The characters of Leo Getz and Lee Butters were not in the original scripts. Joe Pesci was hired and paid $1 million for three weeks of work, forcing rewrites. Gibson was "three-fourths" through his newest draft when Chris Rock was hired, which caused yet another rewrite. Butters was originally written to be a homosexual detective. When they started filming the police station scene between Riggs, Murtaugh, Leo, and Butters, everyone felt the character did not work. He was changed to be Rianne's husband and father to her unborn child. The two only share one scene in the final film with no written dialogue, due to last minute changes made to his character.

Besides Lemkin, Gibson, Gough and Millar, other writers did uncredited work on the script, including Michael Curtis, Greg Malins, Fred Dekker (who came up with the scene where Riggs and Murtaugh drive their car off the freeway and through the building), and even Boam was brought in to work on the script.

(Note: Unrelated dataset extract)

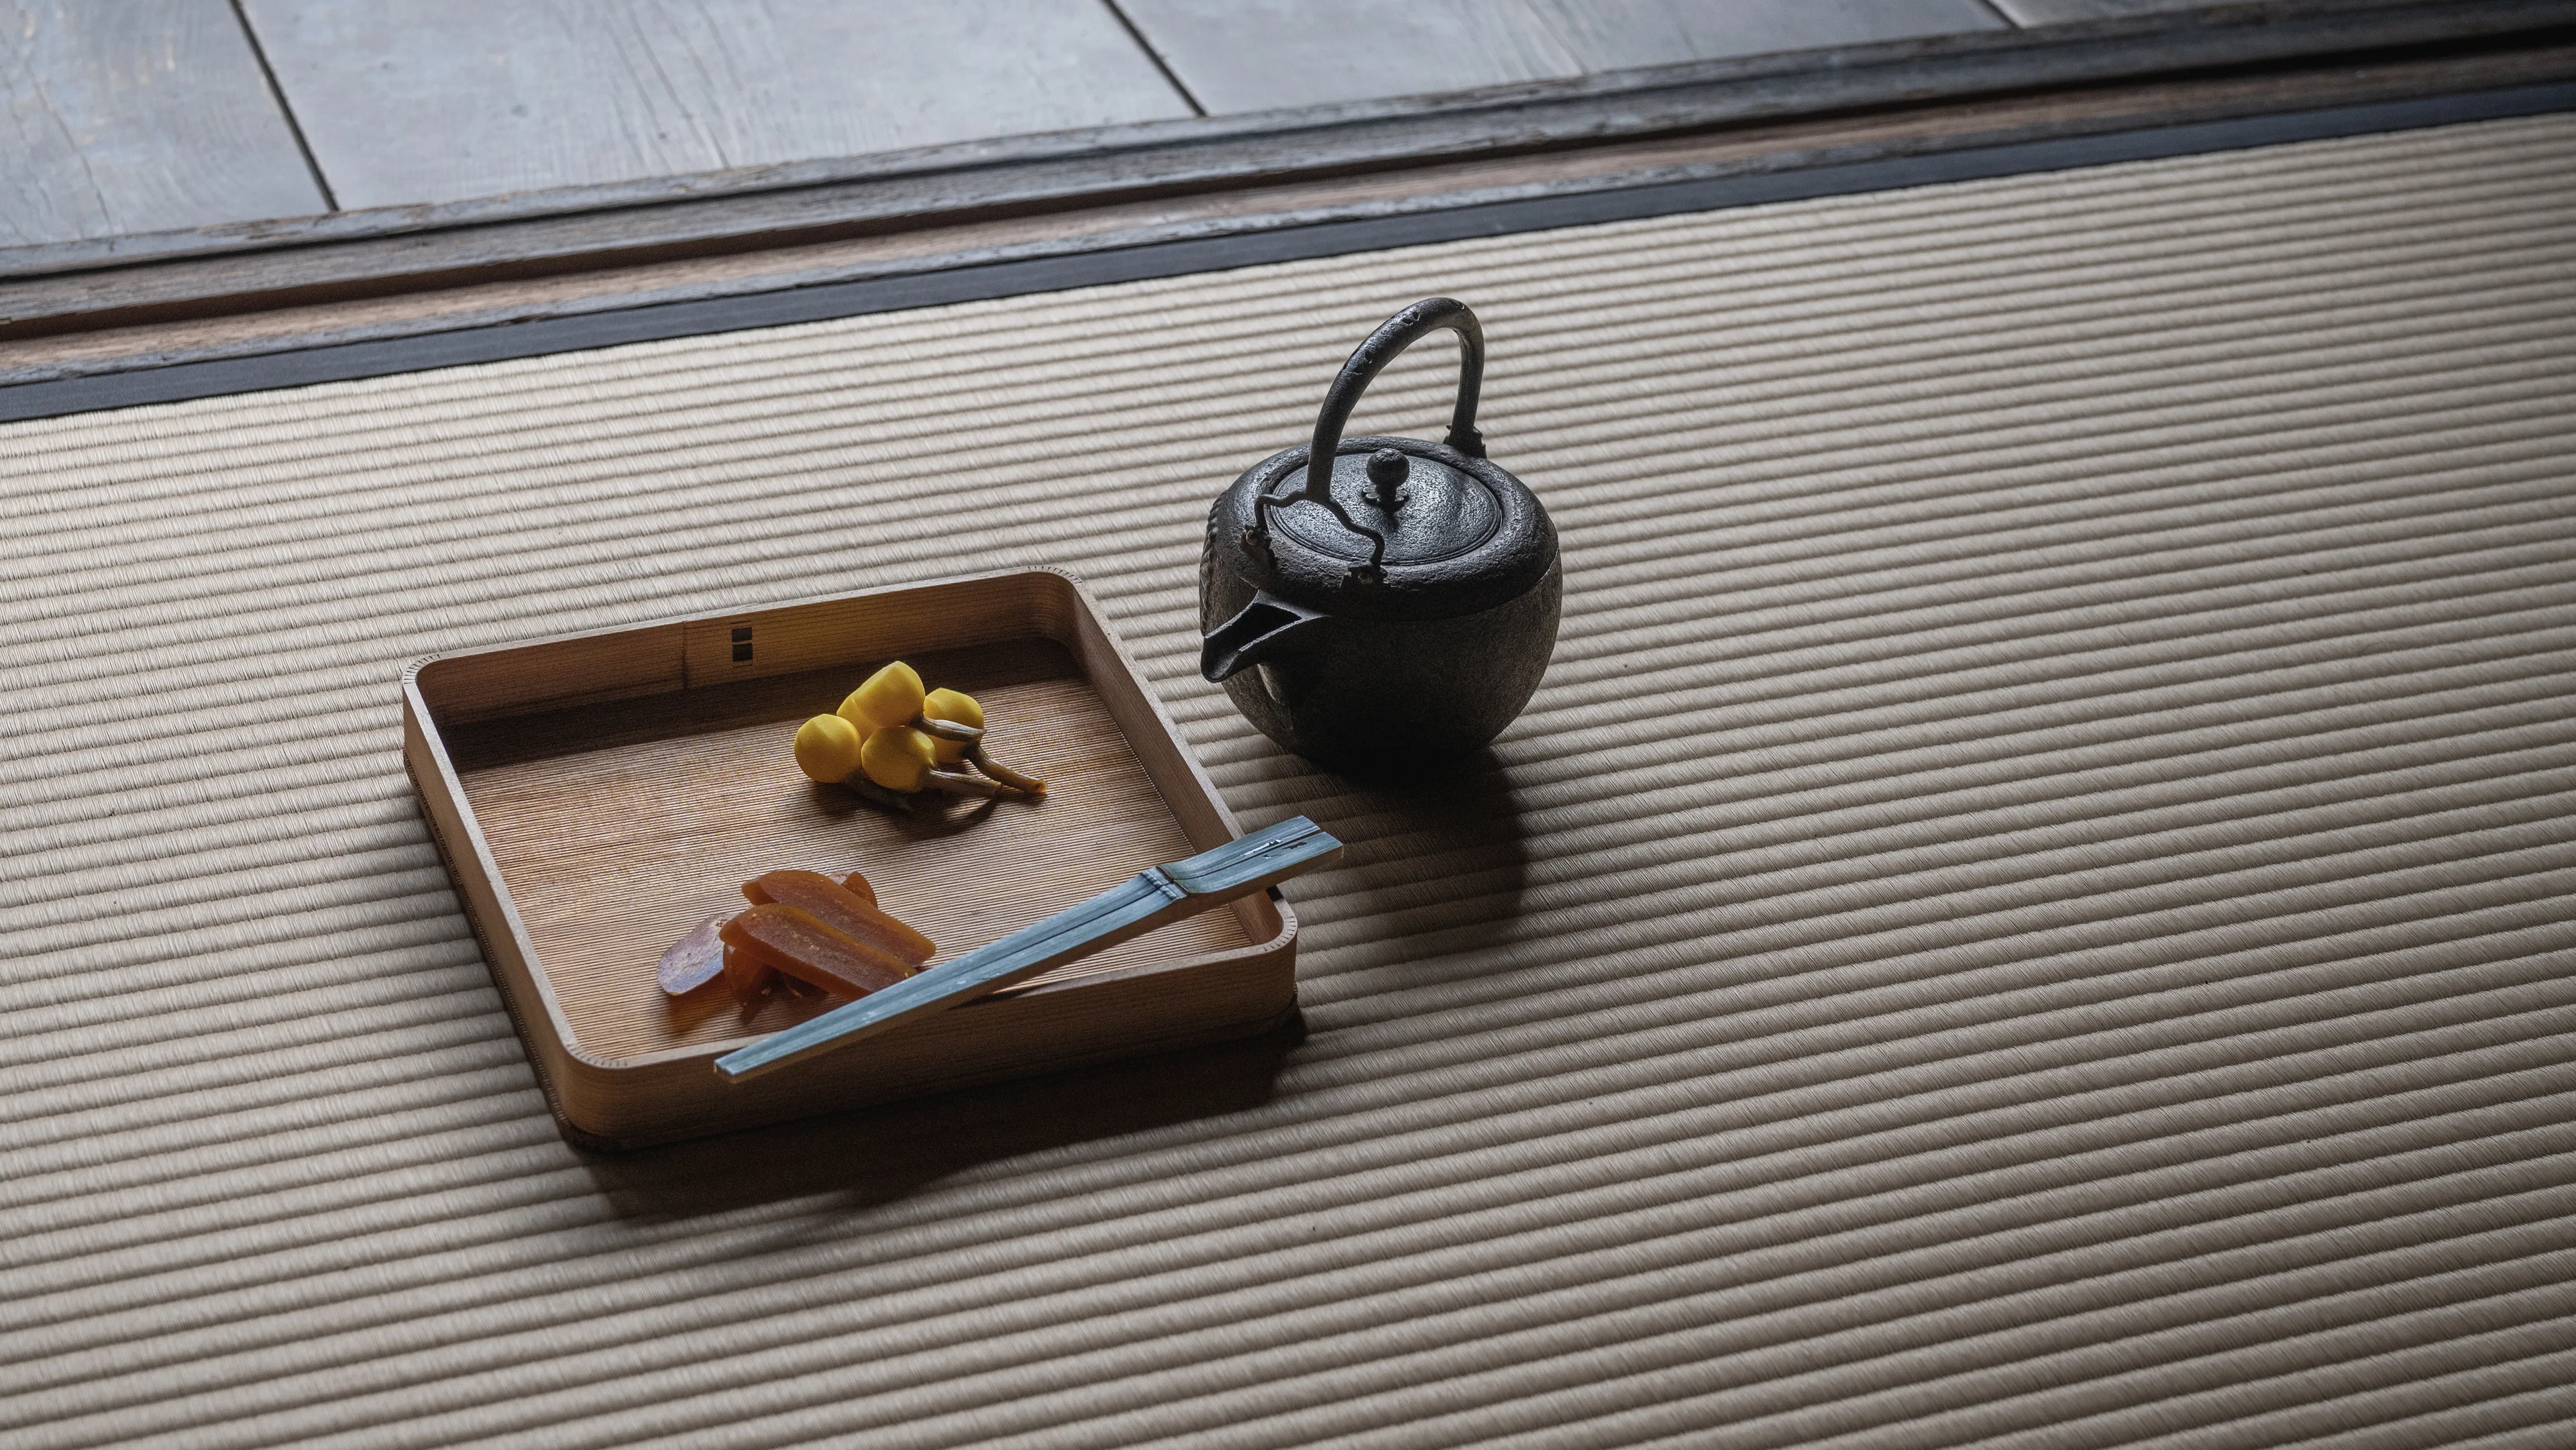 สัมผัสประสบการณ์แก่นแท้ของจิตวิญญาณญี่ปุ่นผ่านพิธีชงชา หัวใจของการต้อนรับแบบญี่ปุ่น

The film entered production in early January 1998 with a planned summer release of that same year. Due to issues during filming, including the script changes, production ended around mid May, less than two months before its scheduled July release. Editors had to work very quickly to have the film ready, which is why the trailers feature some deleted and alternate scenes which are not in the film. Despite this, the film was finished and released as planned. For the film, Gibson, Glover, Donner, and Silver had first-dollar gross deals, equivalent to at least 35 cents of every dollar earned.

==Release==

===Box office===
Lethal Weapon 4 debuted at No. 1 at the box office ahead of Armageddon and Small Soldiers with $34.05 million. The film would hold the record for having the highest July opening weekend for a Warner Bros. film until The Perfect Storm surpassed it in 2000. In its second weekend, it was overtaken by The Mask of Zorro, making $21.7 million and outgrossing fourth place newcomer There's Something About Mary. Although the film grossed $130 million in the U.S., it was not considered a runaway financial success as the previous three films had been.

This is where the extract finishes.